**EXERCISE INSTRUCTIONS**
Give the listing again word for word. Skip the pictures.
** DATA BLOCK follows **
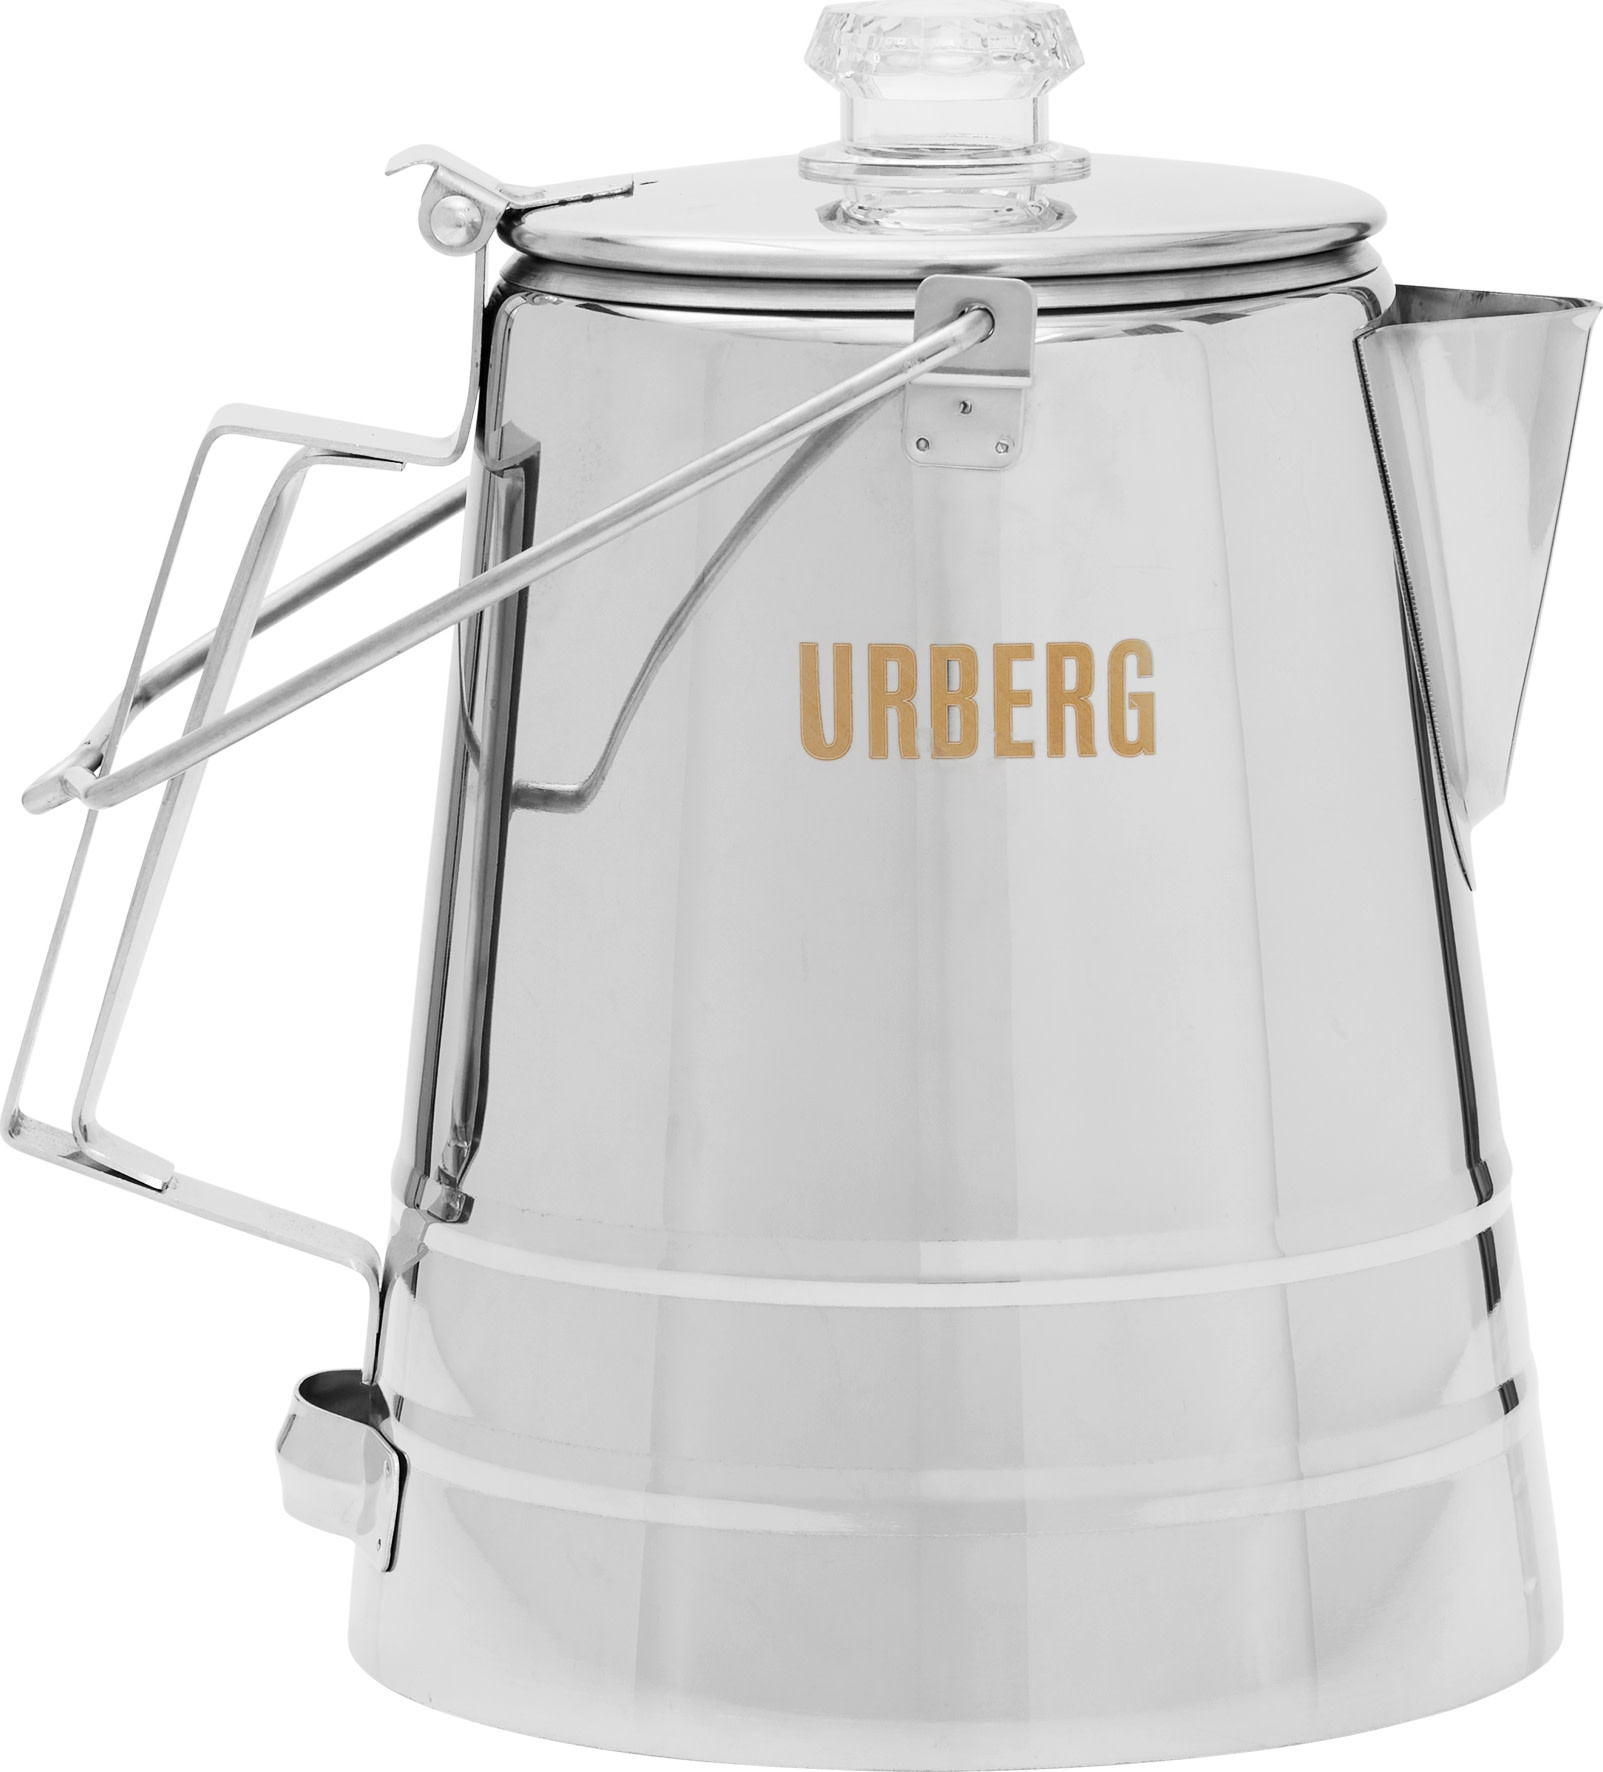 Urberg Rogen Percolator 14 cups Stainless One Size, Stainless
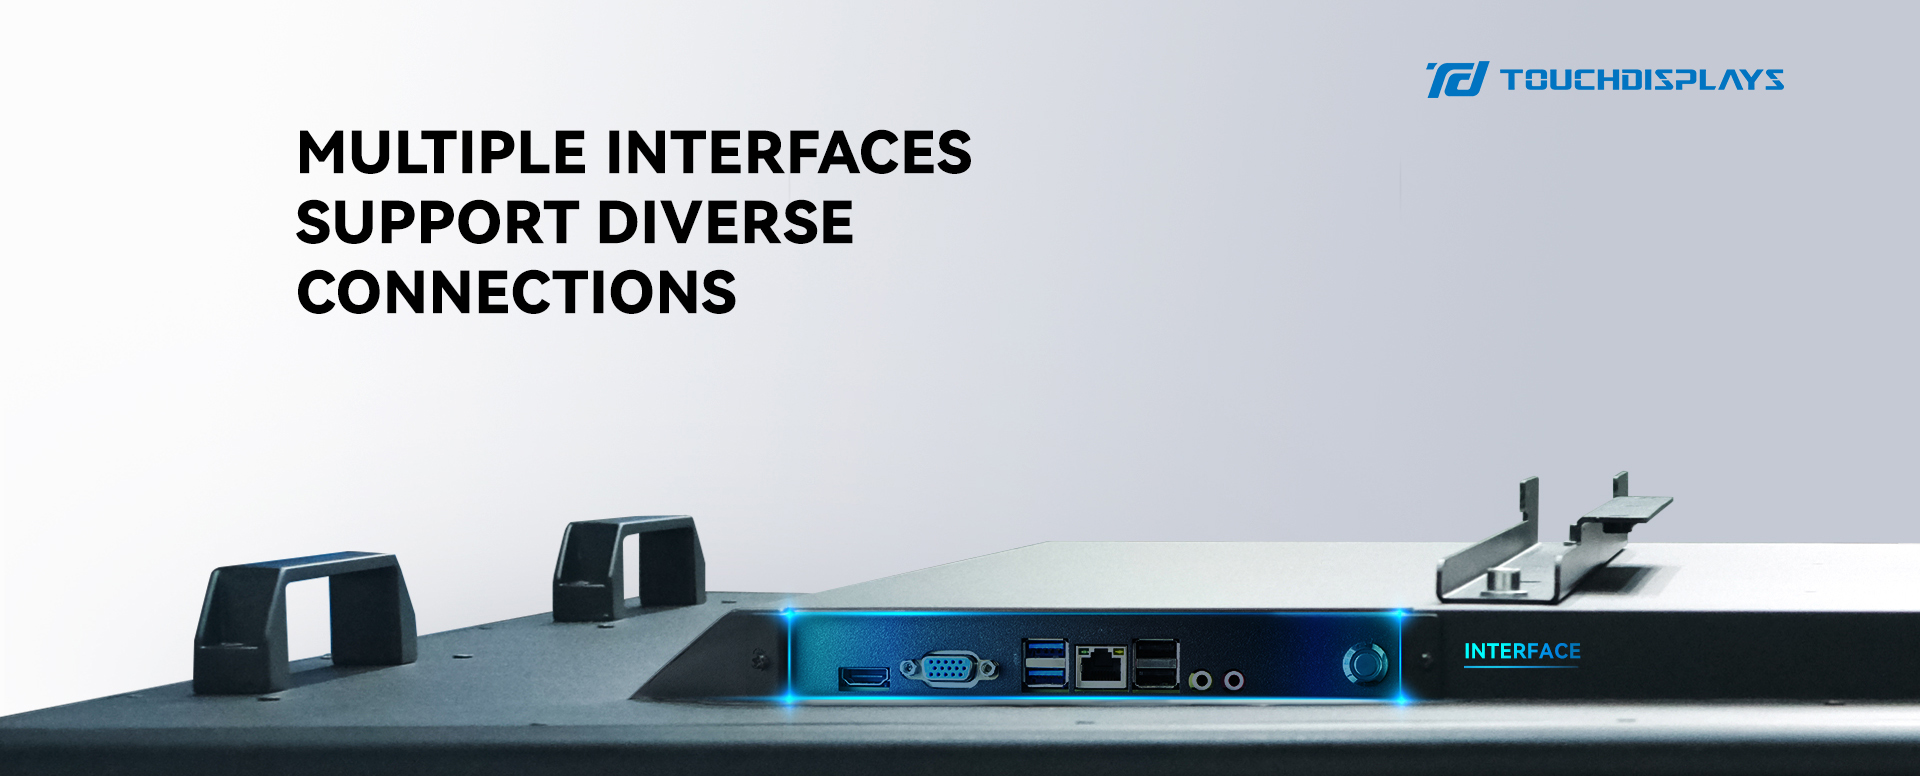 What types of interfaces are commonly used in touch solutions?
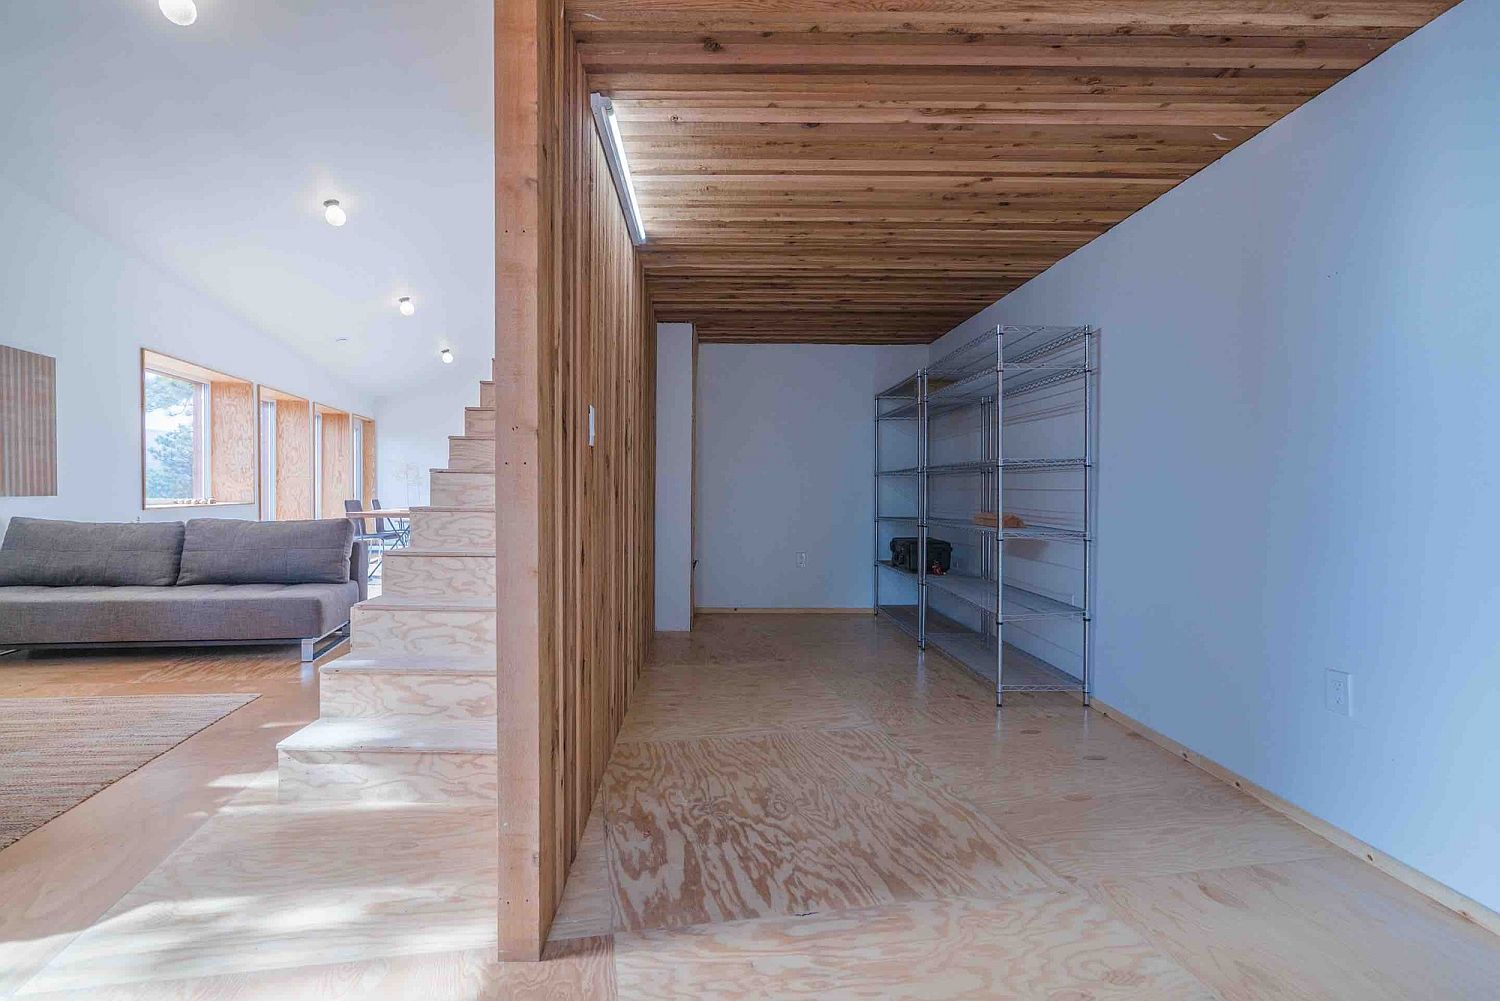 Minimal-and-cozy-interior-clad-in-FSC-plywood-cedar-and-tile
** End of DATA BLOCK **
**WRITTEN RESPONSE**
 Urberg Rogen Percolator 14 cups Stainless One Size, Stainless
 What types of interfaces are commonly used in touch solutions?
 Minimal-and-cozy-interior-clad-in-FSC-plywood-cedar-and-tile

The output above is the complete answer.